Widespread consolidation across the health care system has been compounded by the growing role of private equity (PE) firms over the last decade. Once largely uninvolved in the U.S. health care system, in 2020 health care became the second largest sector for private equity investment, accounting for 18 percent of all reported deals, up from 12 percent in 2010. Private equity investors spent more than $750 billion on health care acquisitions between 2010 and 2019.

The business model of private equity firms is fundamentally misaligned with ensuring that our nation’s families have the high quality, affordable, and equitable health care they need and deserve.
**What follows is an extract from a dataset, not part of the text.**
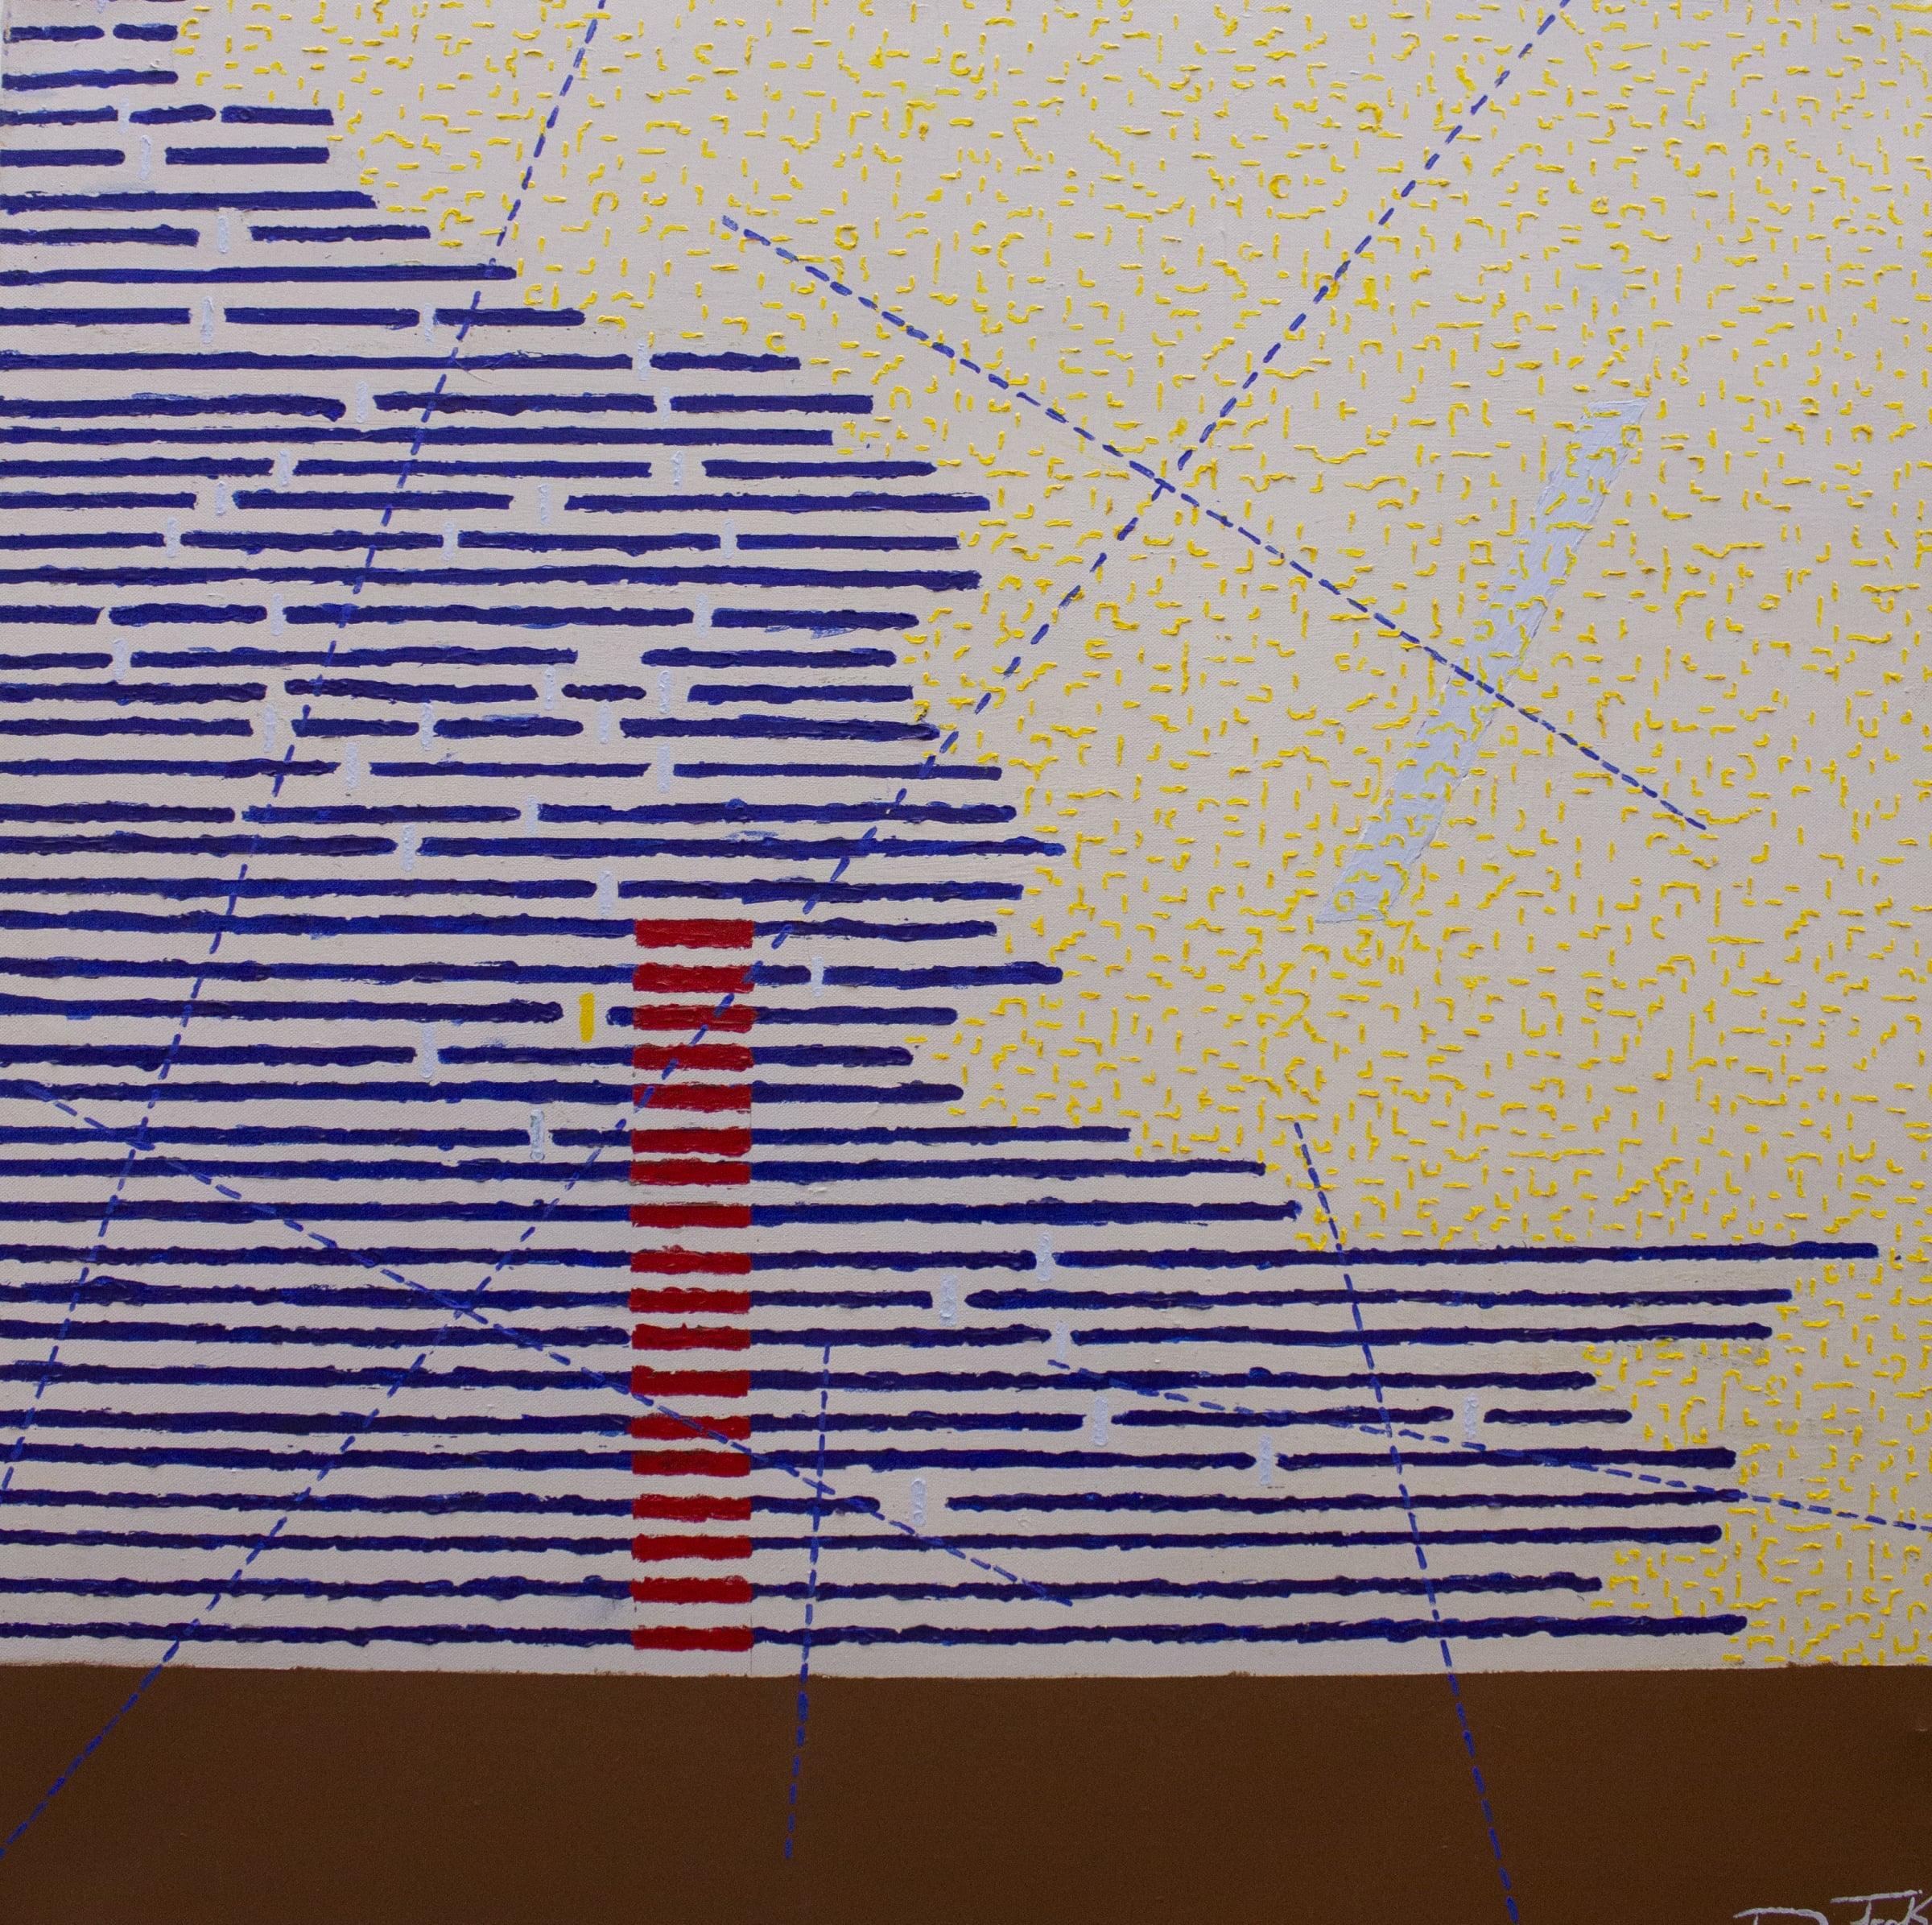 <span class=&#34;link fancybox-details-link&#34;><a href=&#34;/artists/67-david-tsoka/works/1161-david-tsoka-hidden-colours-roots-2016/&#34;>View Detail Page</a></span><div class=&#34;artist&#34;><strong>David Tsoka</strong></div> <div class=&#34;title&#34;><em>Hidden Colours (Roots)</em>, 2016</div> <div class=&#34;medium&#34;>Acrylic & Oil On Canvas</div> <div class=&#34;dimensions&#34;>91cm x 91cm</div><div class=&#34;price&#34;>R9,100.00</div>

PE firms often apply a very short-term profit driven business model (a three-to-seven- year period) to their investment strategy, characterized by buying a health care entity that is struggling financially or offers short-term growth potential, investing in it, saddling it with debt, and then selling their stake to generate profit.

Further, recent studies show that PE ownership was associated with a number of harmful health care impacts, including but not limited to:

  • Decreases in health care quality and patient safety: PE owned hospitals experience a 25% increase in hospital-acquired conditions, including a 27% increase in patient falls and an almost 38% increase in infections. Researchers say that these outcomes may be partially due to “decreased staffing, changes in operator technique, poorer clinician experience,” among other potential causes;
  • Increases in health care prices and charge-to-cost ratios: PE owned hospitals charge $400 more per inpatient day on average compared to non-PE owned hospitals; and
  • Increased out-of-network costs due to PE firms buying up specialty physician staffing firms.   

A Closer Look at Hospital Consolidation

Nowhere is the negative impact of consolidation more evident than the rising cost of hospital stays and services, which have increased dramatically in the last decade and make up a large portion of increasing health care costs overall. These cost increases have occurred despite lower hospital utilization and are largely due to escalating prices, which are the result of hospitals buying other hospitals and community doctors to eliminate competition and form big health care corporations and medical monopolies.

Americans in many communities have watched as their local hospitals became health systems, and those health systems were bought by large health care corporations. What most in the public and policymaking community have not realized is how much this has destroyed any real competition in our health care sector, allowing hospitals to dramatically increase their prices every year. Between 1990 and 2023, hospital prices increased 600% – and just since 2015, hospital prices have increased as much as 31% nationally, now accounting for nearly one-third of U.S. health care spending, and growing more than four times faster than workers’ paychecks.

Importantly, hospital prices are not only high, but have become essentially irrational:

  • In 2020, across all hospital inpatient and outpatient services, employers and private insurers paid on average 224% of what Medicare pays for the same services.
  • Prices at hospitals in concentrated markets are 12% higher than those in markets with four or more rivals without any demonstrated improvement in quality or access to care.
  • Prices for the exact same service vary widely, sometimes even within a single hospital system:
    • A colonoscopy at a single medical center in Mississippi can range from $782 to $2,144 depending on insurance.
    • At one health system in Wisconsin, an MRI costs between $1,093 and $4,029 depending on level of insurance.
    • Across the country, the average price for a knee replacement ranges from $21,976 in Tucson, Arizona to $60,000 in Sacramento, California.
    • The price of an MRI at Mass General Hospital in Boston Massachusetts ranged from $830 to $4,200, depending on the insurance carrier.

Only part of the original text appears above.